# Why bother keeping PE up to date after new job that doesn't require?



## zachtos (Oct 21, 2014)

What happens if I do not have the time or money to keep my PE license updated?

I took a new job in a new state (Wisconsin) that has stricter continuing education credit requirements. I am very busy developing new electronic products at my new company, unlike my last job at an electrical utility (Michigan), they could care less about my PE. My budget is very tight as this is a start-up company and somewhat of an investment opportunity job for myself instead of the stable boring utility job.

If I can find a fairly free/easy way to keep it up to date over next year, great. Otherwise, I am thinking let it lapse and get it back later if I need a new job in a different field, but I am not seeing the value anymore... as long as I don't have to take the exam again though!!!


----------



## matt267 PE (Oct 21, 2014)

Given the amount of time you likely put into earning the PE, I would do what you can to keep it. Can you maintain the registration in your old state?


----------



## blybrook PE (Oct 21, 2014)

No matter what, do NOT let your original license expire or lapse. Even if you moved to another state, keep that originating state license (or put it into retirement).
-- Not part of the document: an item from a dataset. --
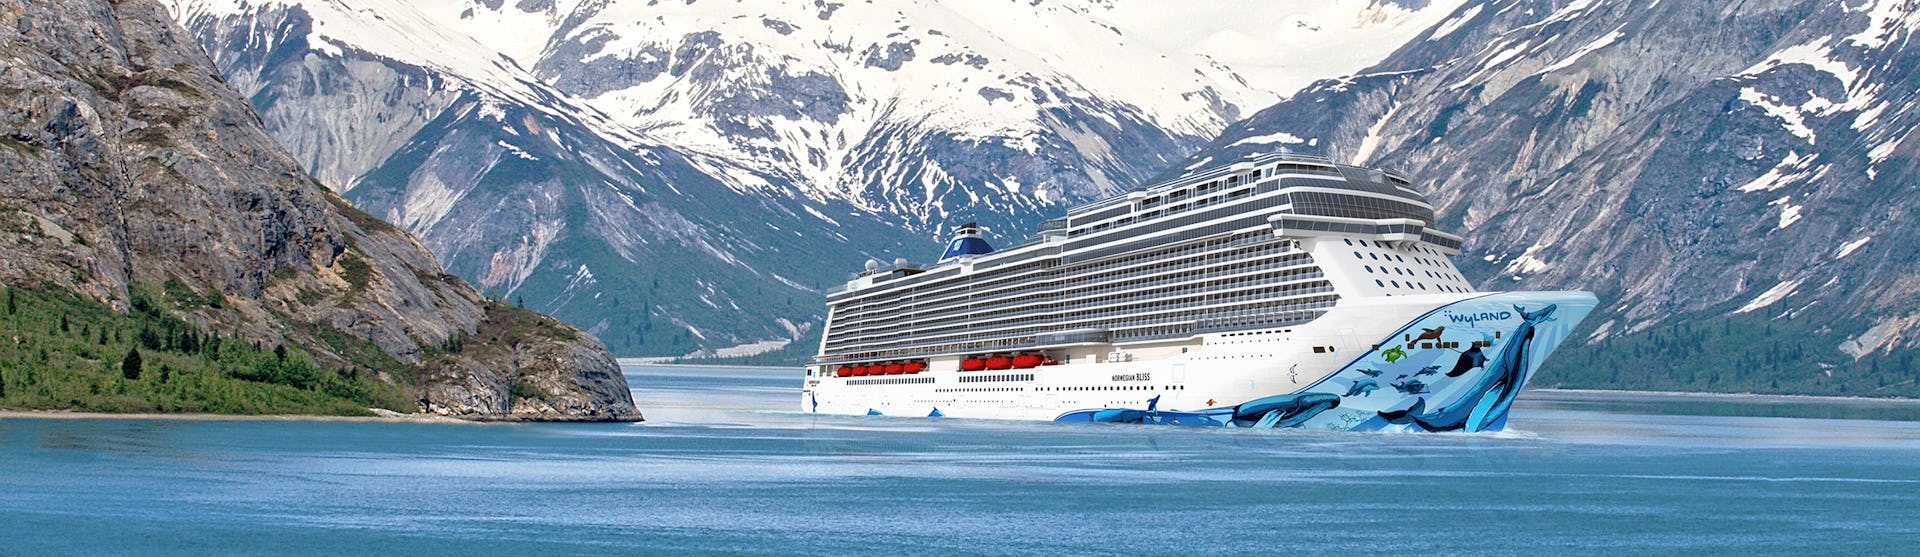 Norwegian Bliss - Norwegian Cruise Line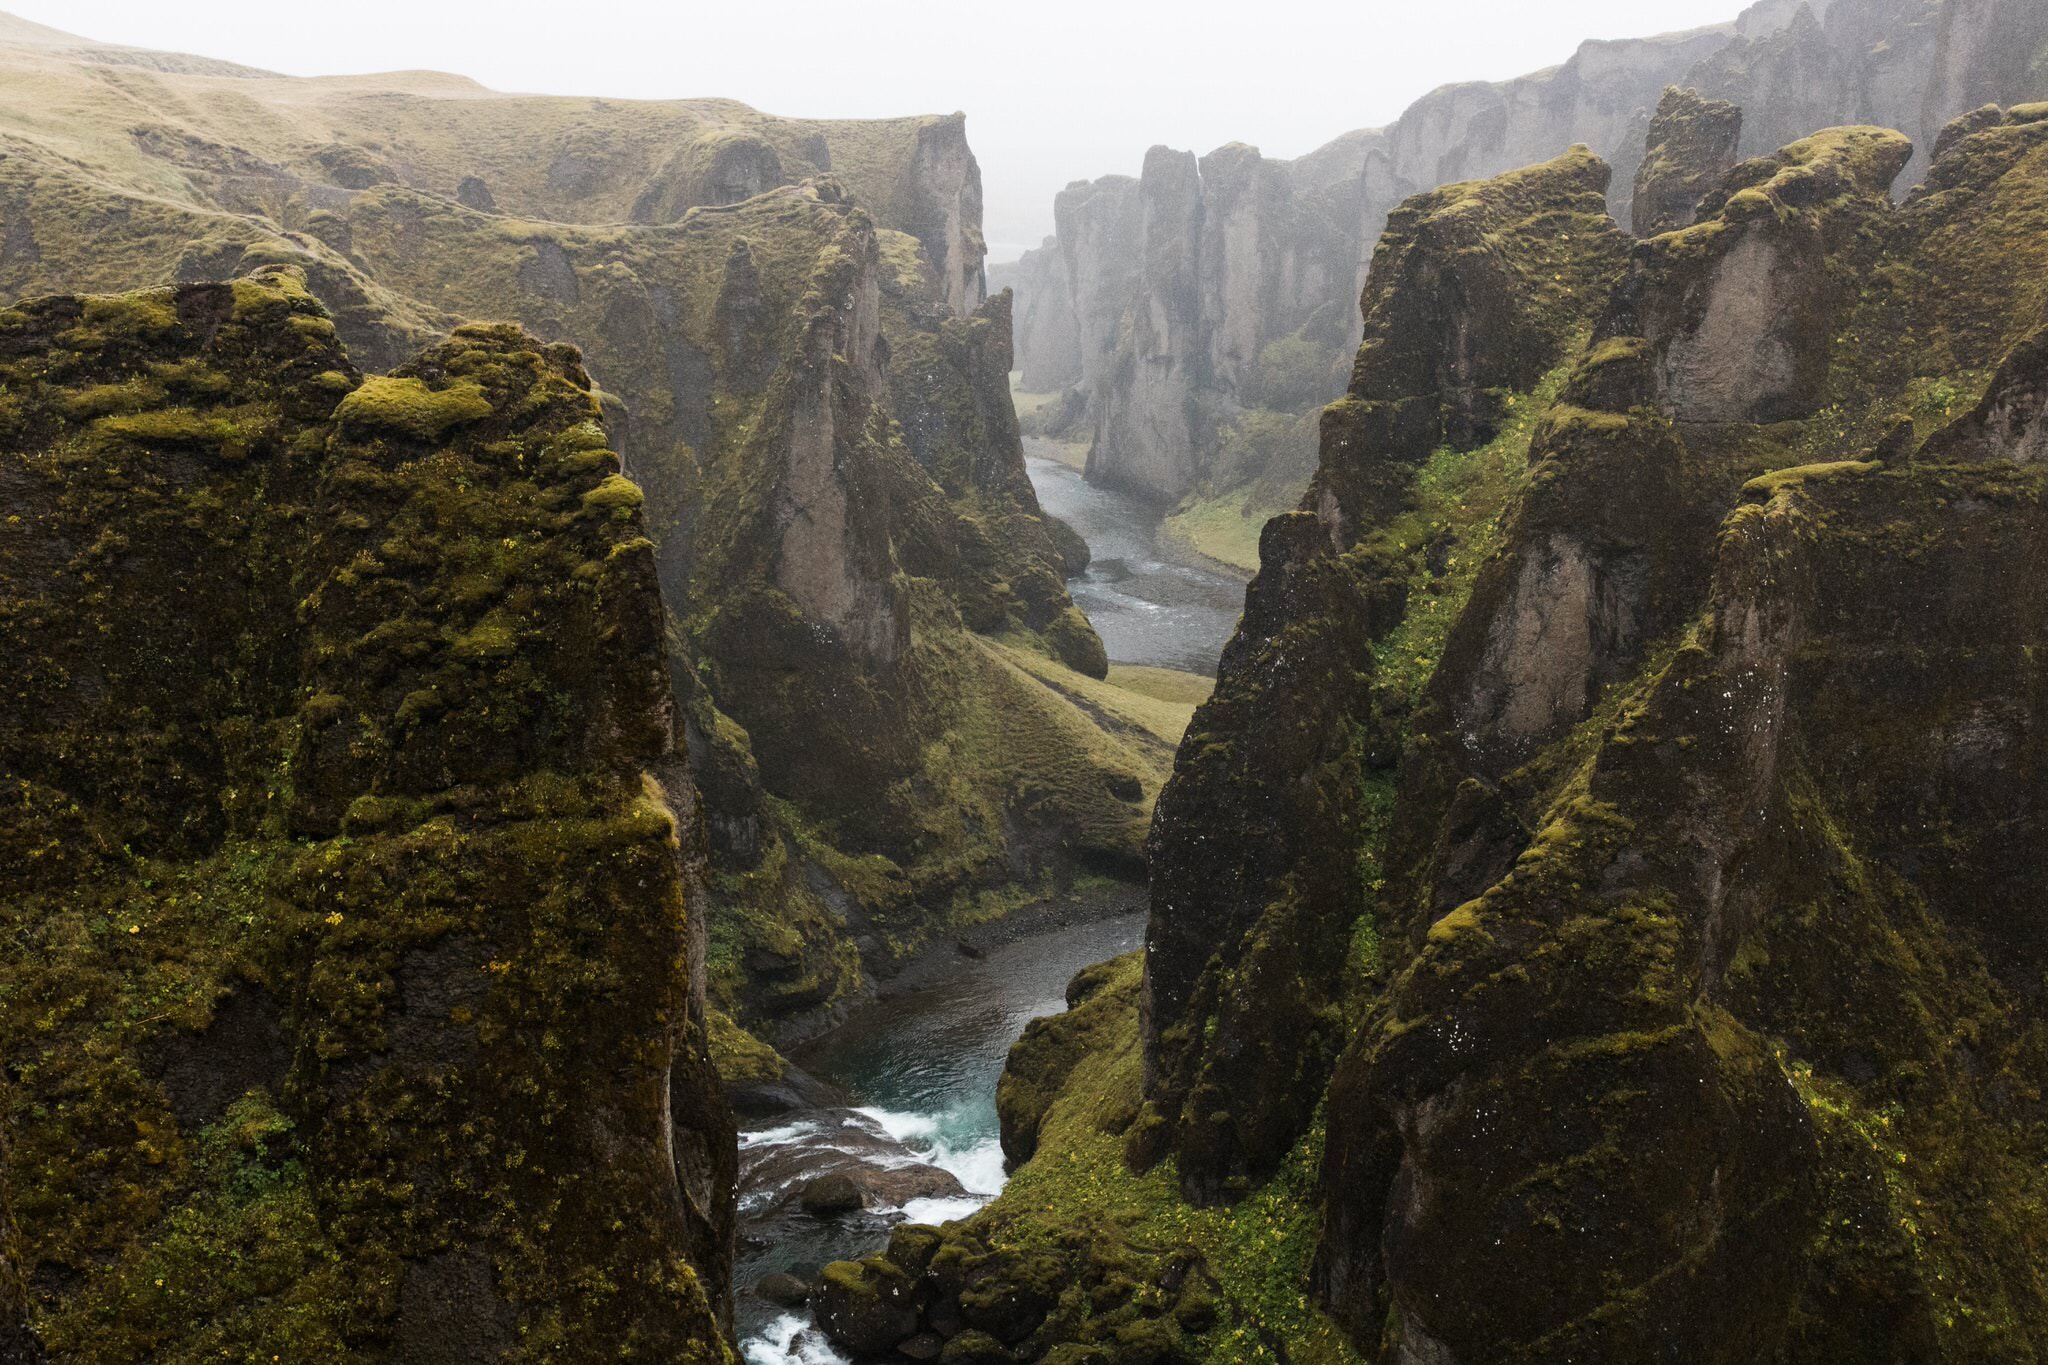  Hẻm núi Fjaðrárgljúfur, chỗ này ngày xưa là góc bí mật chứ giờ ai cũng biết rồi&nbsp;:))  Chỉ có một điều không đổi: Tên các địa danh của Iceland cái nào cũng đọc trẹo mồm!

The above was told to me by more than one multi-state licensed, veteran PE.

Money might be tight, we've all been there for various reasons, your license is one thing that should never be put on the back burner.

Good luck with the new company.


----------



## knight1fox3 (Oct 21, 2014)

WI represent! I also work in product development (in WI) and maintain PDH's for 2 active licenses. It's time consuming and not cheap, but in the long run, cheaper and less time consuming than it took to achieve the licensure. As you've indicated, having your PE clearly wasn't a requirement for your new position, however, it still gives the company good visibility and a more prestige roster. Have you asked the question of your manager if they would consider footing the bill for your annual (or every other year) renewal fee? It can't hurt to ask but you'll never know if you don't.


----------



## Dleg (Oct 21, 2014)

I don't know about where you live, but the rules where I am require re-taking the exam if you let your license lapse beyond a certain time frame. That's reason enough, for me. Plus, even though it might not be "required" by your present employer, it is something that you would have that is above and beyond your coworkers when it comes time to review for promotions or raises. Also, you may end up not liking your new job or getting stuck at a certain salary, and a PE can be very helpful in finding that next job.


----------



## Dexman PE PMP (Oct 21, 2014)

It's better to have it and not need it, then to be scrambling trying to get re-licensed.


----------



## Road Guy (Oct 21, 2014)

I agree with original poster, I encourage most PE's who haven't stamped anything in 12 months to not only let your license lapse but to officially cancel it :0


----------



## Jonhnny123 (Oct 23, 2014)

What's your plan if you unexpectedly lose your job? You may apply to another job where they have to choose between you and another guy with similar experience. Wouldn't you want to still have that PE to get a leg up on him?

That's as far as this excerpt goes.